Protein model obtained with comparative modelling methods can be classified into three broad categories:

Models which are based on incorrect alignments between target and template sequences. Such alignment errors, which generally reside in the inaccurate positioning of insertions and deletions, are caused by the weaknesses of the alignment algorithms and can generally not be resolved in the absence of a control experimental structure. It is however often possible to correct such errors by producing several models based on alignment variants and by selecting the most "sensible" solution. Nevertheless, it turns out that such models are often useful as the errors are not located in the area of interest, such as within a well conserved active site.
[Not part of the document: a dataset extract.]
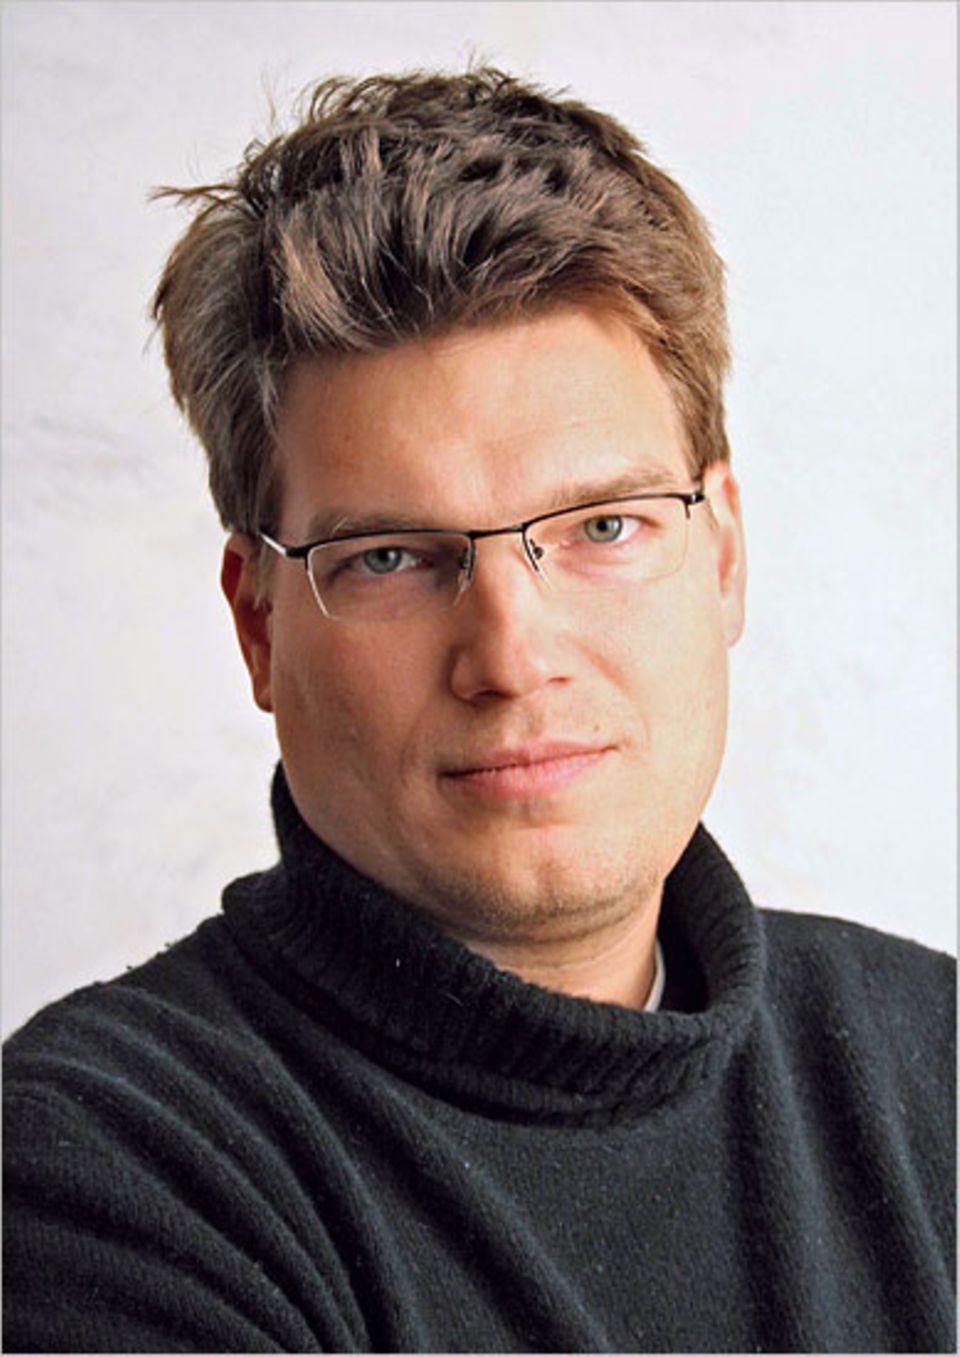 """Nikolaus Geyrhalter (geb. 1972 in Wien) ist Regisseur, Produzent und Kameramann. Seine Filme erhielten mehrfach internationale Auszeichnungen: """"Angeschwemmt"""" (1994), """"Das Jahr nach Dayton"""" (1997), """"Pripyat"""" (1999), """"Elsewhere"""" (2001)"""

Models based on correct alignments are of course much better, but their accuracy can still be medium to low as the templates used during the modelling process have a medium to low sequence similarity with the target sequence. Such models, as the ones described above, are however very useful tools for the rational mutagenesis experiment design. They are however of very limited assistance during detailed ligand binding studies.
The last category of models comprises all those which were build based on templates which share a high degree of sequence identity (> 70%) with the target. Such models have proven useful during drug design projects and allowed the taking of key decisions in compound optimisation and chemical synthesis. For instance, models of several species variants of a given enzyme can guide the design of more specific non-natural inhibitors.

However, nothing is absolute and there are numerous occasions in which models falling in any of the above categories, could either not be used at all or in contrast proved to be more useful and correct than estimated.